Because the timing at which each of the first and second AC output control signals is switched from H to L is delayed for a half period, both the first AC voltage and the second AC voltage are output as the AC component in a time period tm corresponding to the delayed half period. An AC voltage serving as the AC component is switched before/after the time period tm. Because the first AC voltage and the second AC voltage have opposite phases, the first AC voltage and the second AC voltage cancel each other in the time period tm, and the voltage of the AC component is substantially zero. In other words, the AC voltage control unit 163 changes the AC component among a first state in which an AC component containing the first AC voltage is superimposed on a DC component, a second state in which an AC component containing the second AC voltage is superimposed on a DC component, and a third state in which a voltage of 0 V obtained by combining the first and second AC voltages is superimposed on a DC voltage at a timing between the first state and the second state.

Note that configurations and operation of the image forming apparatus 100 other than those described above are similar to the case of the first embodiment. Therefore, the same members are denoted by the same reference symbols, and description thereof will not be repeated.

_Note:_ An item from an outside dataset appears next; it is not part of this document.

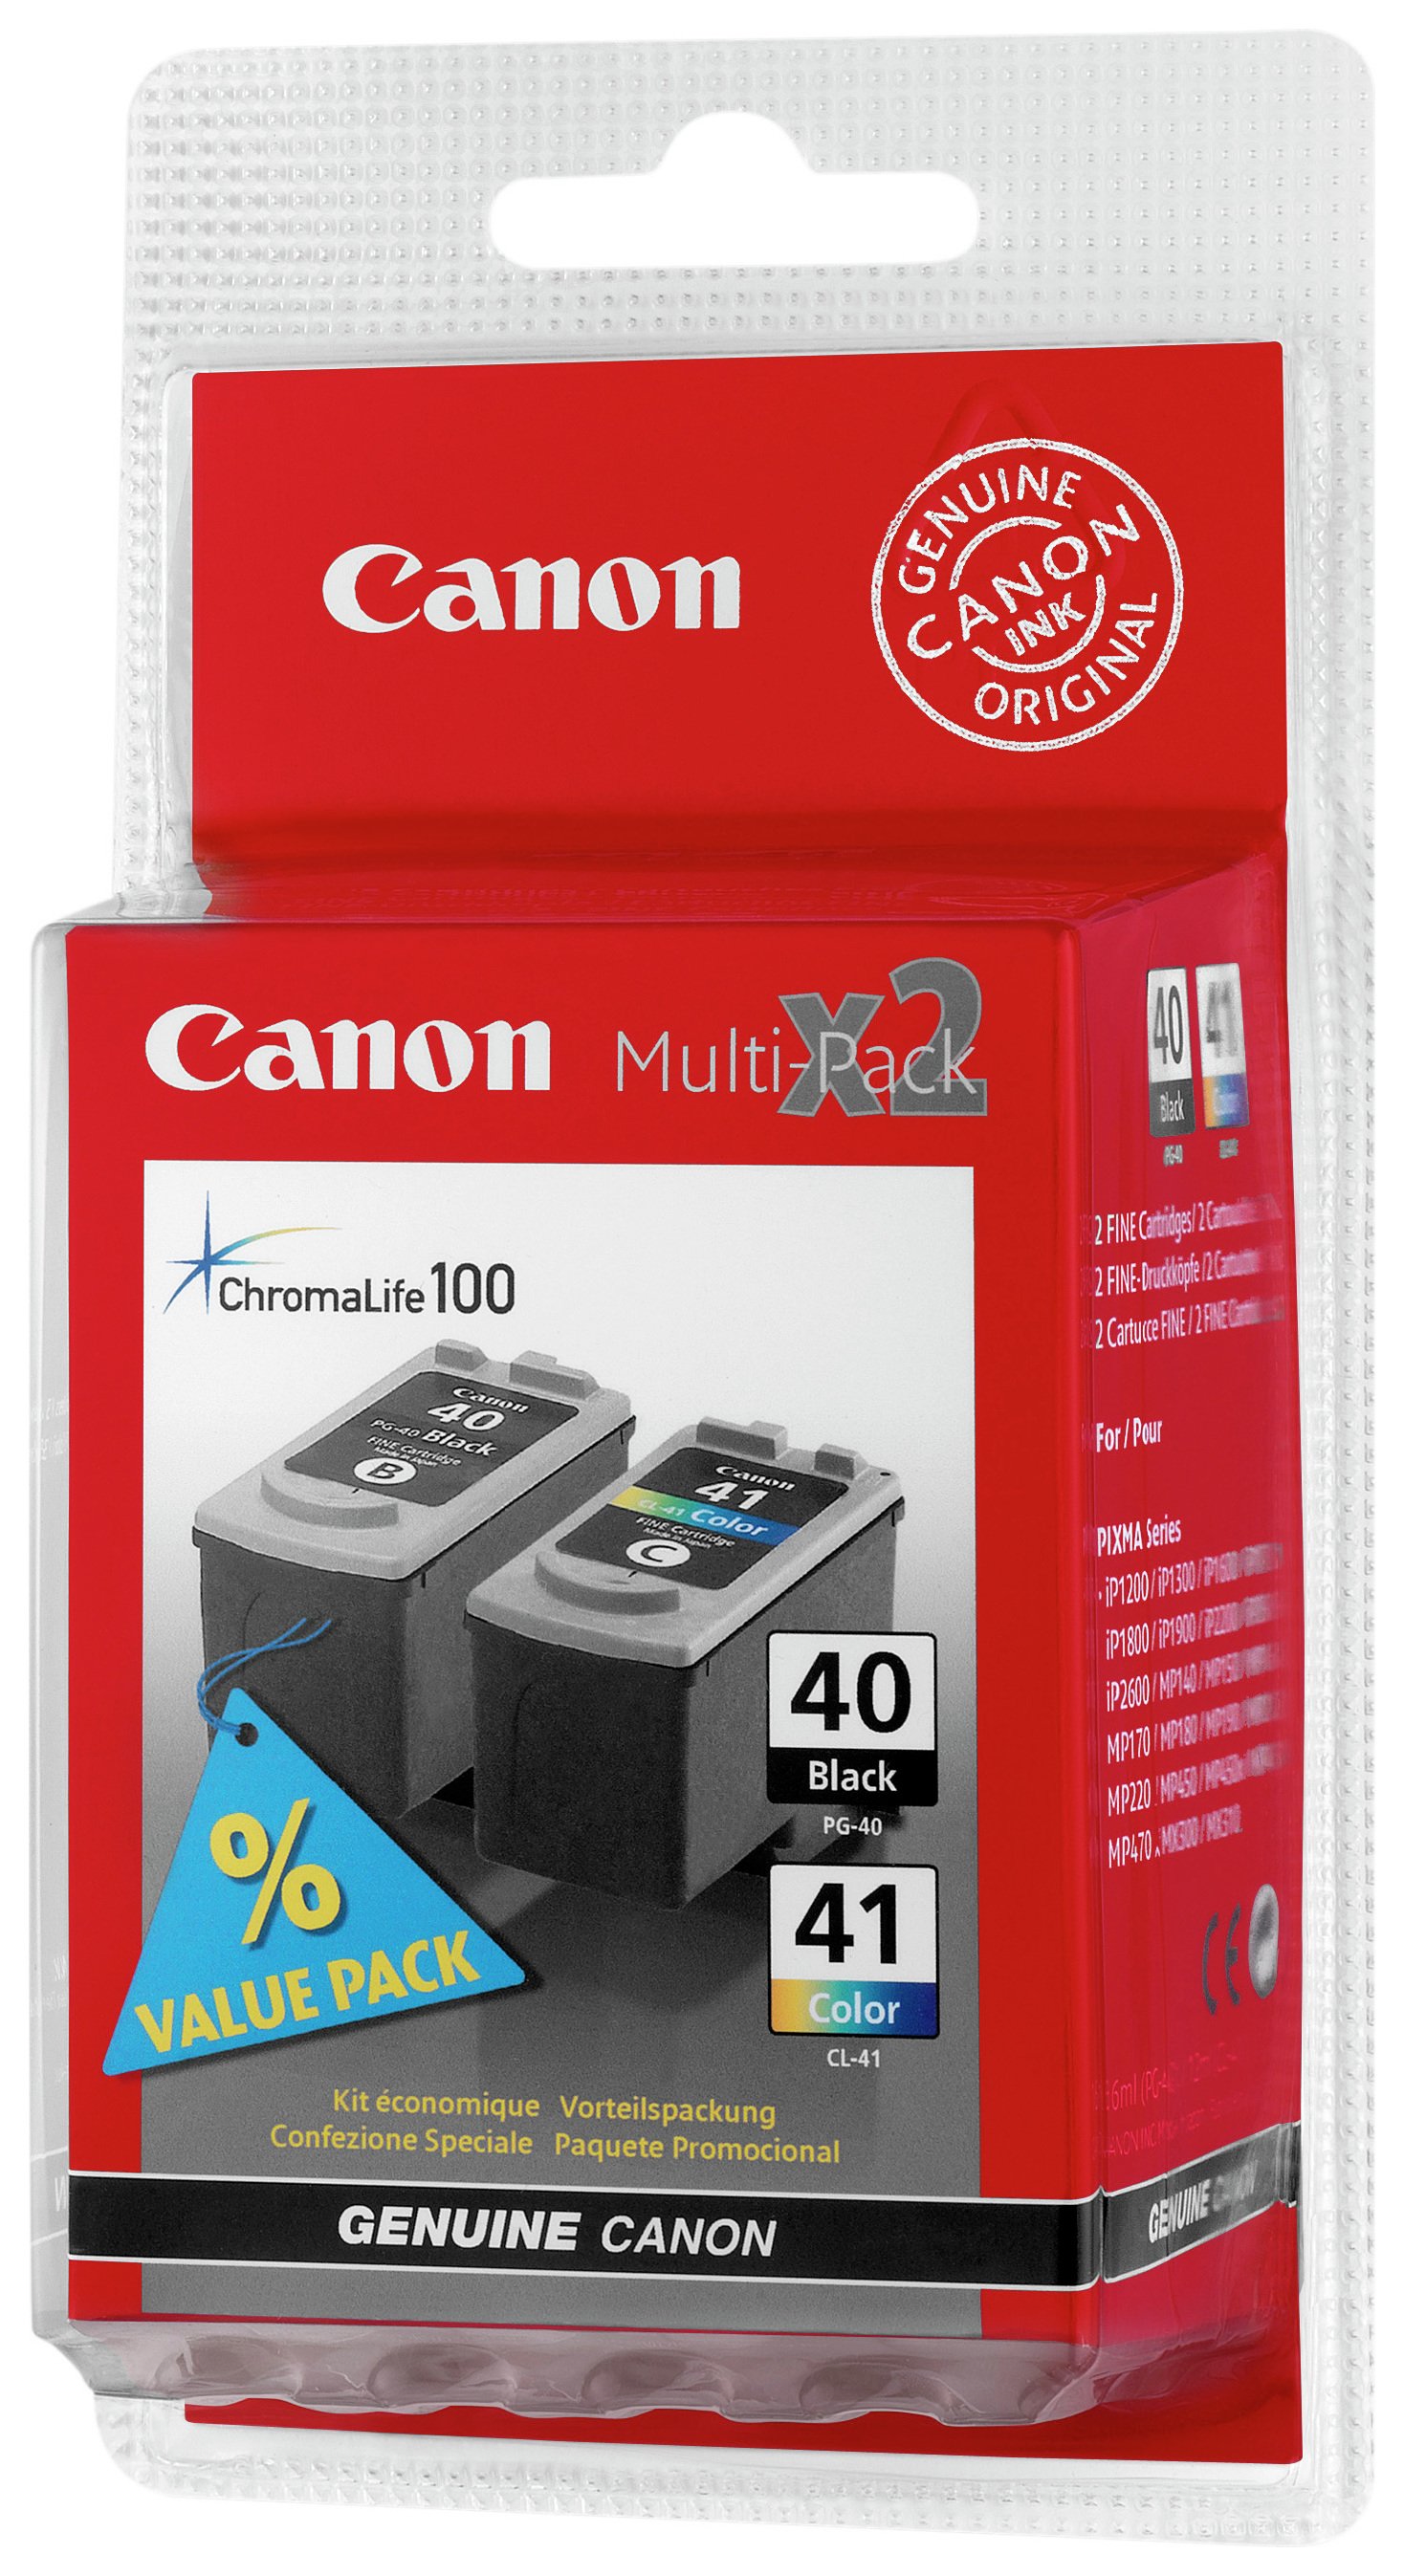 Canon PG-40/CL41 Multi-pack Ink Cartridge review

According to this embodiment, a voltage of an AC component is substantially zero at a timing at which the AC component is switched between the first AC voltage and the second AC voltage. This makes it possible to prevent a waveform of the AC component from being shifted to a positive side or negative side in the case where the waveform of the AC component or a switching timing is shifted.

Third Embodiment

In the above embodiment, an AC component to be superimposed on a DC component is changed at a timing based on a period of an electrification voltage. Instead, in this embodiment, there will be described a case where an AC component to be superimposed on a DC component is changed at a timing based on a period of an AC component of a developing voltage.

As shown in FIG. 5, this embodiment is based on the premise that a half period (T½) of each of the first and second AC voltages is equal to an integral multiple (twice in FIG. 5) of a single period T2 of an AC component of a developing voltage. The AC component of the developing voltage has a constant frequency and is continuously output.

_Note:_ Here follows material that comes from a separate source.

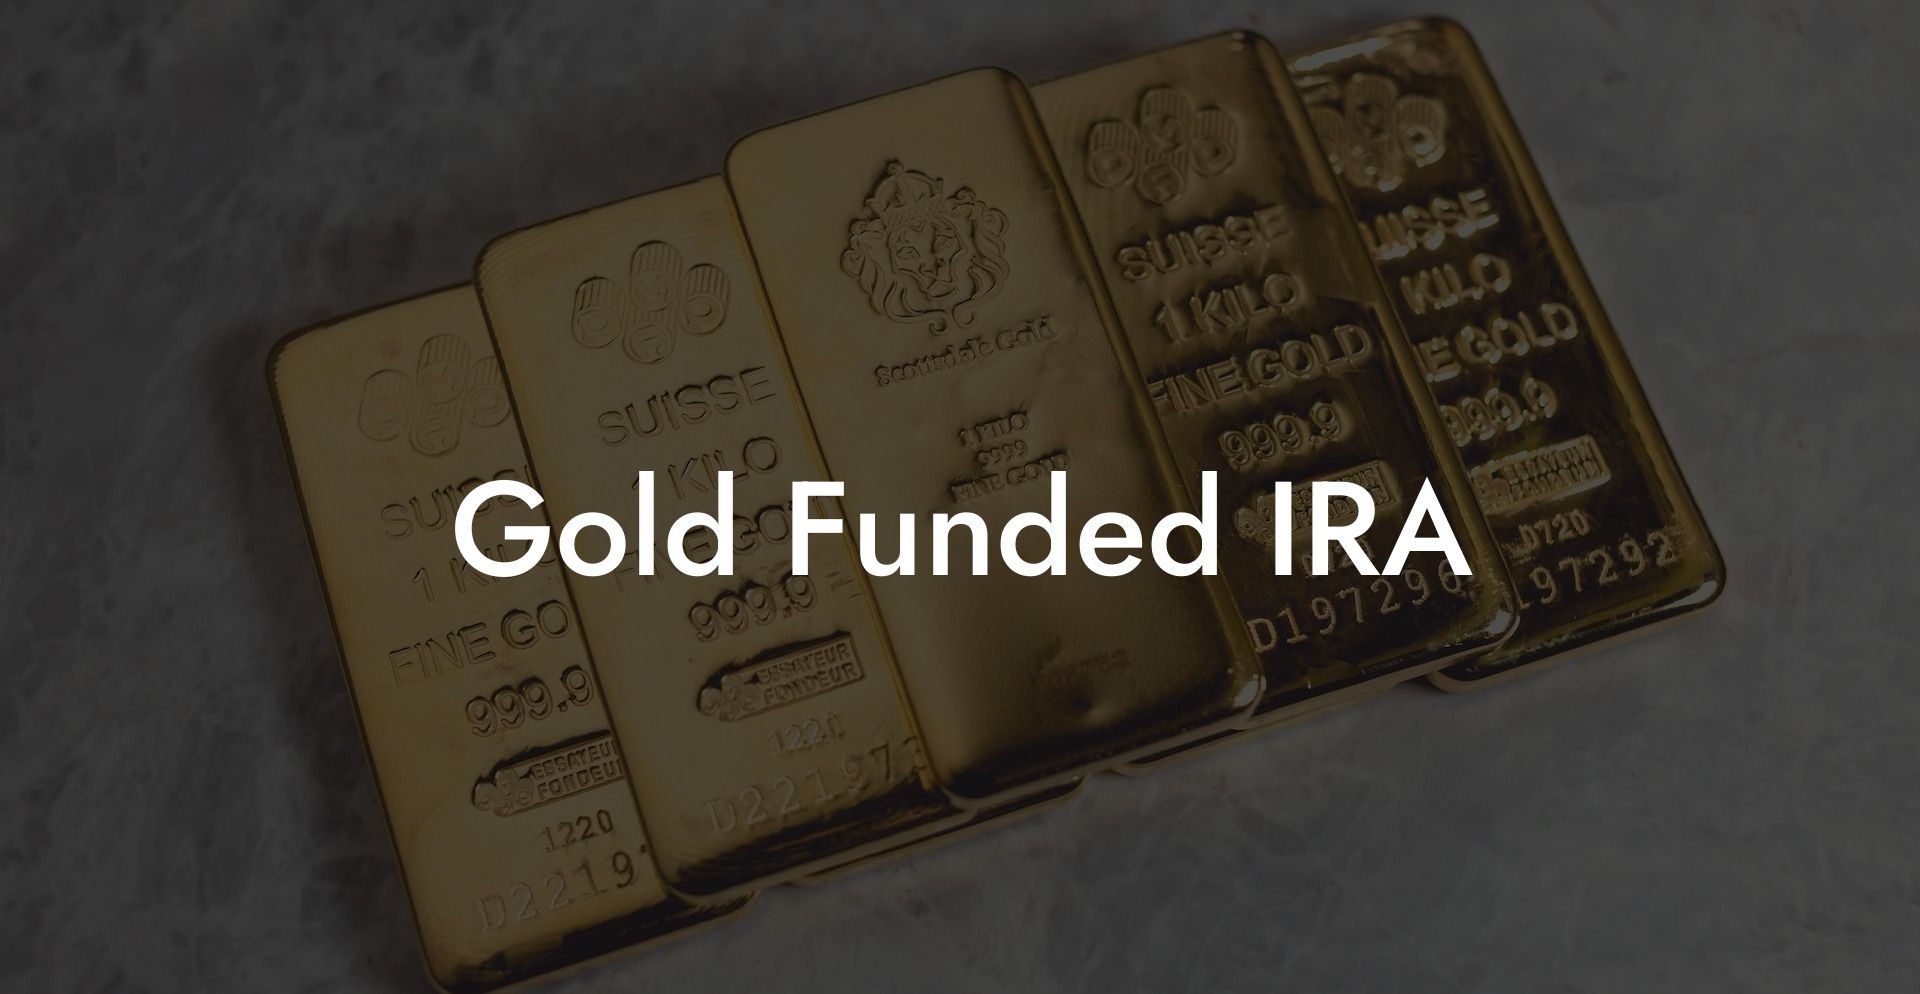 Gold Funded IRA

FIG. 8 is a table for explaining an example of an interval of switching of an AC component to be superimposed on a DC component in the third embodiment of the present invention.

When referring to FIG. 8, the AC voltage control unit 163 changes an AC component to be superimposed at an interval that is m times (m is a natural number) longer than a single period of an AC component of a developing voltage. The AC voltage control unit 163 may have a plurality of different integral values as a value of m indicating the interval of switching of the AC component to be superimposed.

A top section in the table shows an elapsed time from the start of electrification by using the number of generated waves in a single period of the AC component of the developing voltage. A middle section in the table shows the kind of AC voltage used as the AC component to be superimposed on the DC component. A bottom section shows an interval serving as a switching timing by using the number of waves in a single period of the electrification voltage.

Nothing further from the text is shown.